# New SOTW Member with Questions



## superfly0607 (Mar 28, 2021)

Hi all, I'm a brand new SOTW and had a question on whether there was a marketplace to buy/sell items? Also, is there a restriction to new members starting new threads? I realized I was only able to start a new discussion on this section of the forum.

Thank you in advance!


----------



## lydian (Oct 25, 2016)

IMPORTANT - *** RULES - GENERAL POSTING, CLASSIFIED...

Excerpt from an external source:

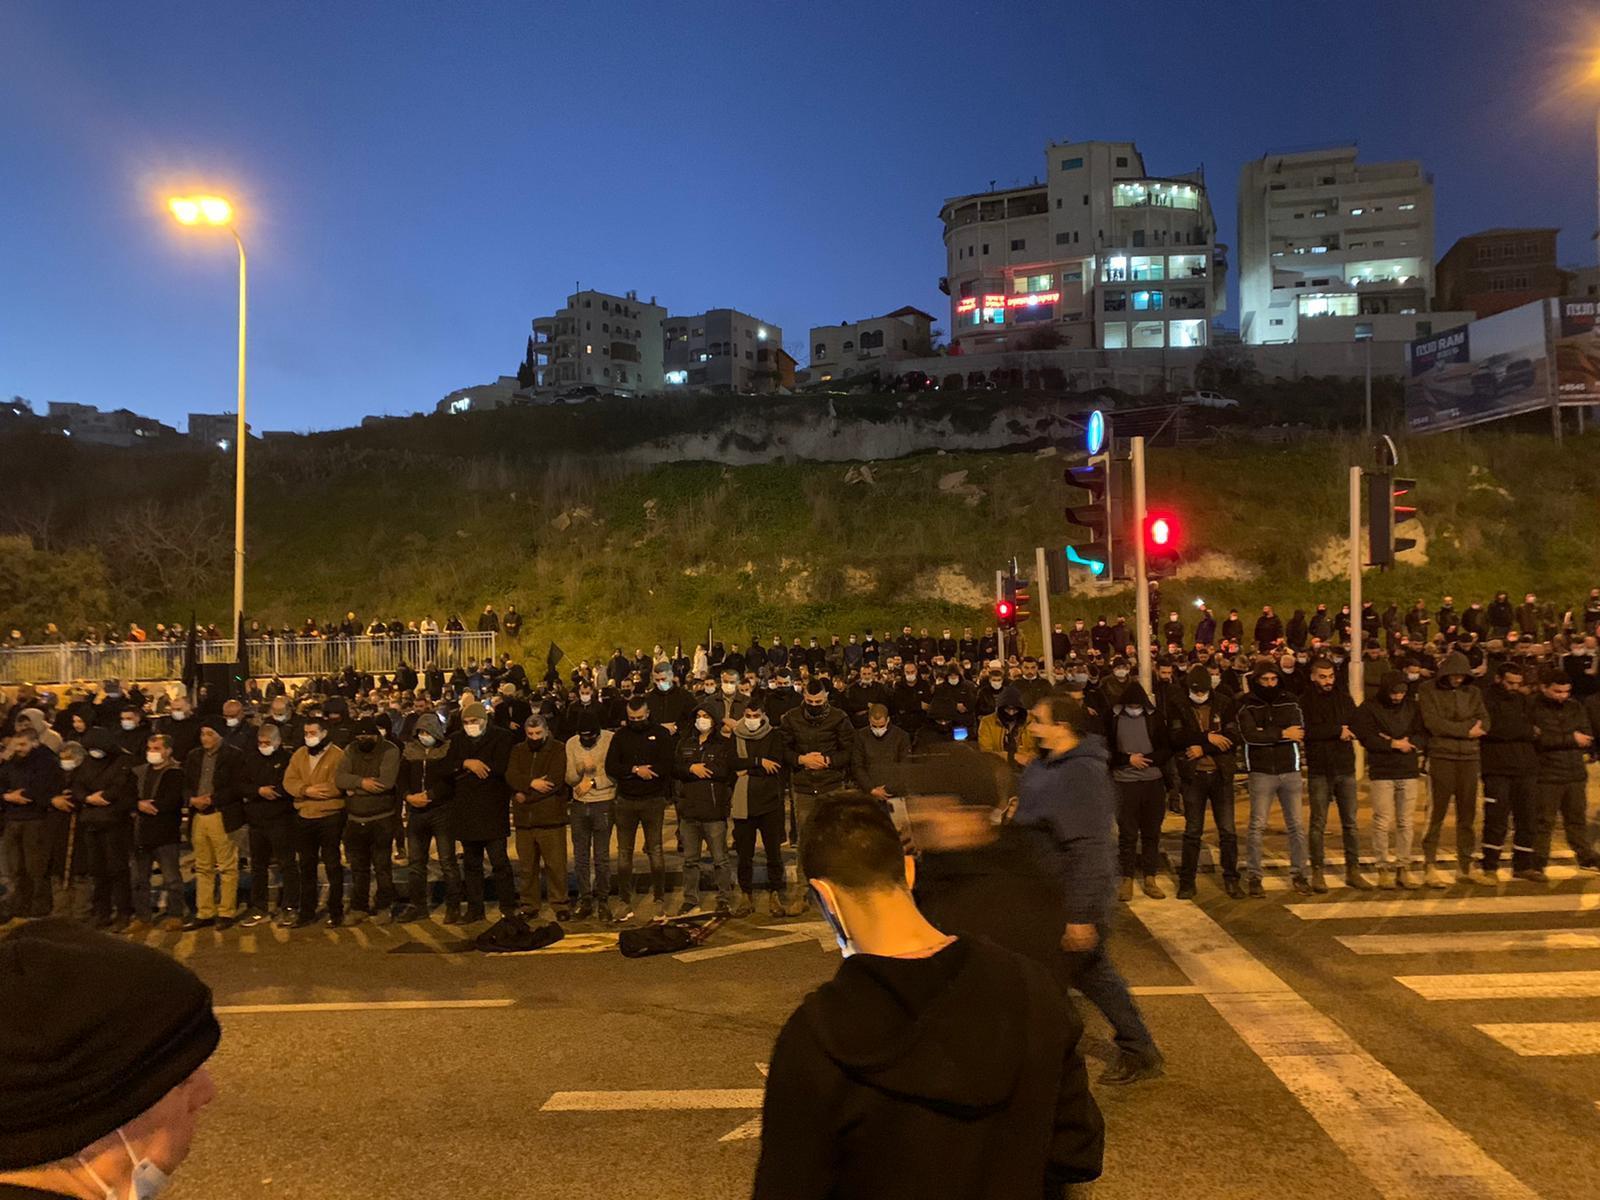 تشييع ضحية القتل بأم الفحم: صلاة جنازة على شارع 65 واعتقال متظاهرين

[Edited Sept 3 2021 for clarification] These rules are specific to the SOTW forums and are in addition to the Verticalscope Terms of Use. These have now been reformatted for clarity. There are no new rules although some rules previously only written elsewhere are now included so all rules are...




www.saxontheweb.net


----------



## superfly0607 (Mar 28, 2021)

Thanks, even for just buyers, we'd need the minimum 50 posts and 6 month membership? :/


----------



## datsaxman (Nov 28, 2005)

Yes indeed. And welcome to SOTW.


----------



## lydian (Oct 25, 2016)

superfly0607 said:


> Thanks, even for just buyers, we'd need the minimum 50 posts and 6 month membership? :/


This protects the rest of us from scammers. Buyers can be scammers too, which I've learned the hard way.

Looking forward to your next 48 posts.


----------



## HeatherParr (Mar 31, 2021)

have to agree with lydian


----------